- Zakatkhana Location in Himachal Pradesh, India Zakatkhana Zakatkhana (India)
- Coordinates: 31°17′01″N 76°42′48″E﻿ / ﻿31.2836856°N 76.7132378°E
- Country: India
- State: Himachal Pradesh
- District: Bilaspur

Population (2009)
- • Total: 2,500
- Time zone: UTC+5:30 (IST)
- PIN: 174011
- Telephone code: 1978
- Nearest city: Swarghat
- Lok Sabha constituency: Hamirpur
- Vidhan Sabha constituency: Kot-Kahloor
- Climate: Cool (Köppen)
- Website: sappandit.blogspot.com

= Zakatkhana =

Zakatkhana is a village in the Bilaspur district of Himachal Pradesh, Northern India surrounded on three sides by the Govind Sagar lake, which was created by the building of the Bhakra Dam on the Sutlej River.
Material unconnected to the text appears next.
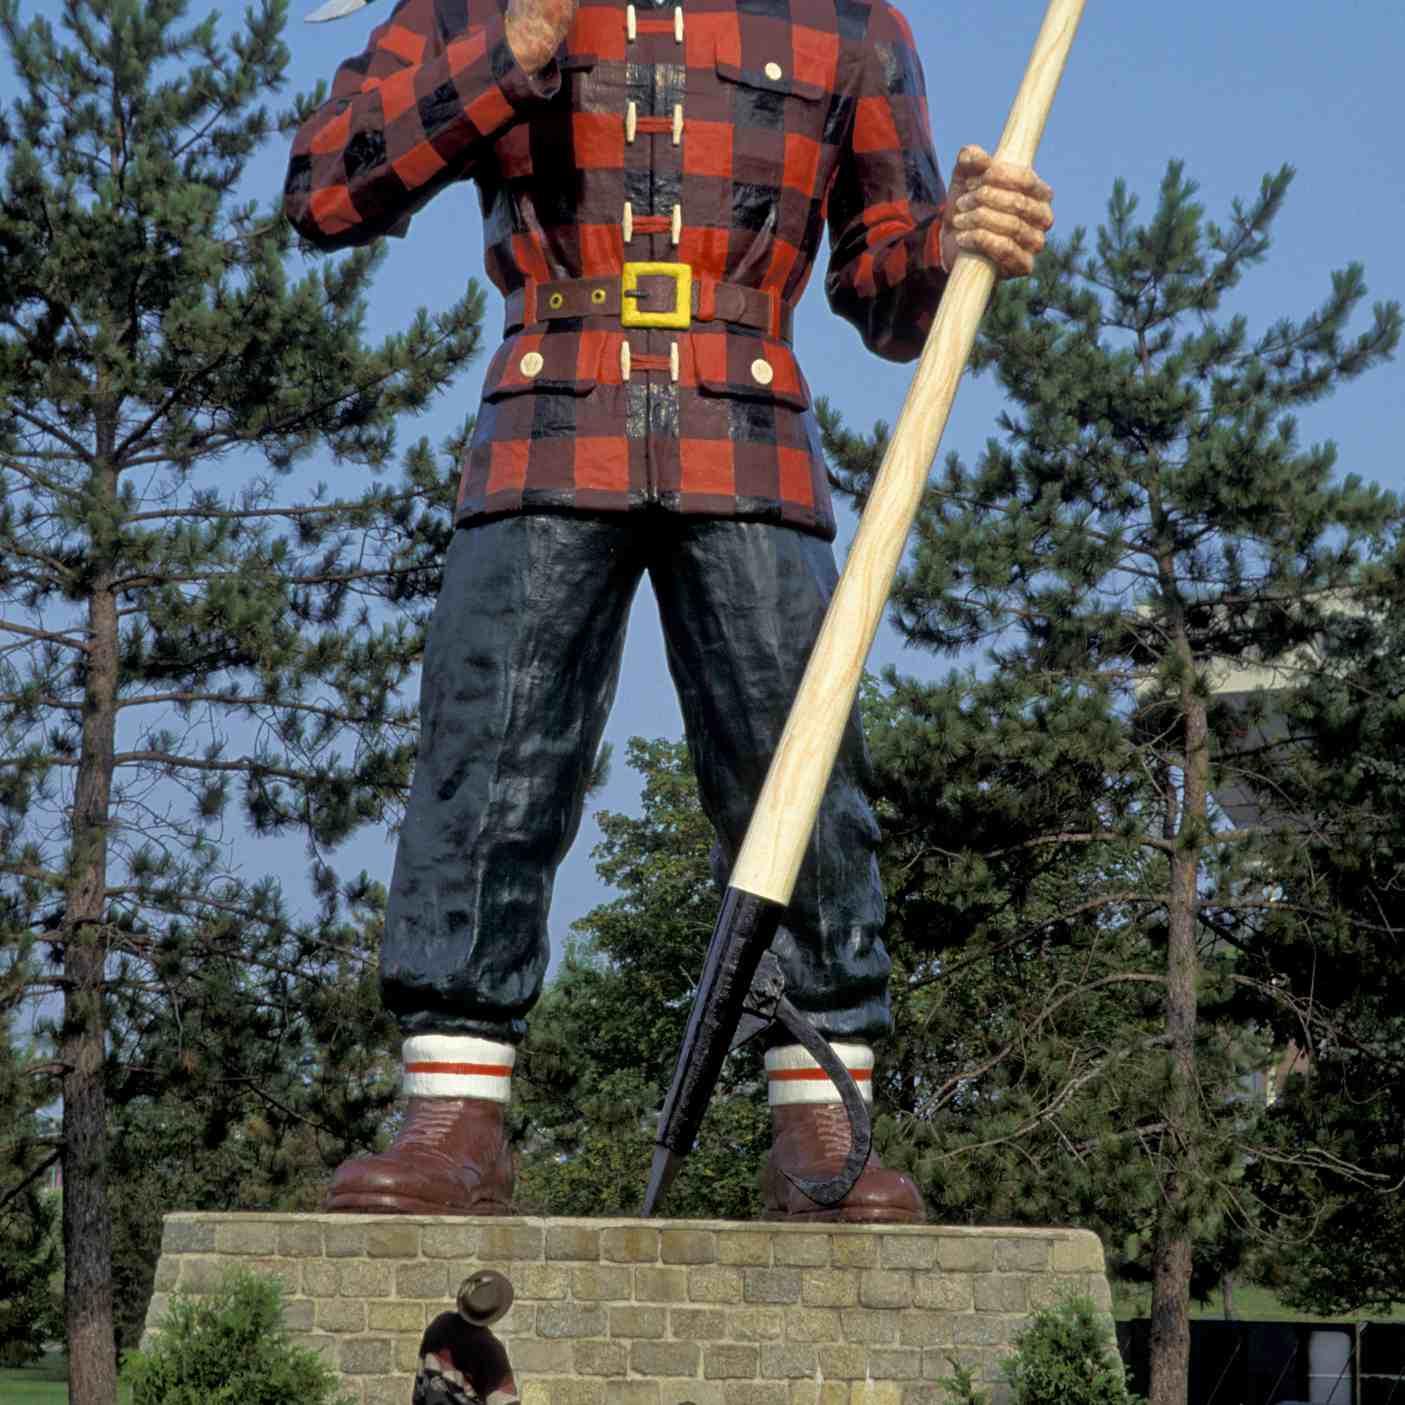 Giant Paul Bunyan Statue in Bangor, Maine

Zakatkhana lies 8 km from Swarghat.

The name derives from zakat meaning "toll tax" owing to the village's "toll tax barrier" at the time of the British Raj. Zakatkhana is on the old National Highway-21 from Bilaspur to Rupnagar in Punjab before 1954, when it was merged following construction of the Bhakhra Dam. To reach the village one can take NH 21 from Chandigarh and after travelling 100 km from Chandigarh there is a small hill station at Swarghat.

This village is also known as land of temples as it is the location of the Sidh baba Balak nath mandir and is also home to the Rupeshwar Mahadev and Maa Sherawali temples.

Zakatkhana Pin code is 174011 and people of Zakatkhana village use Hindi language for communication.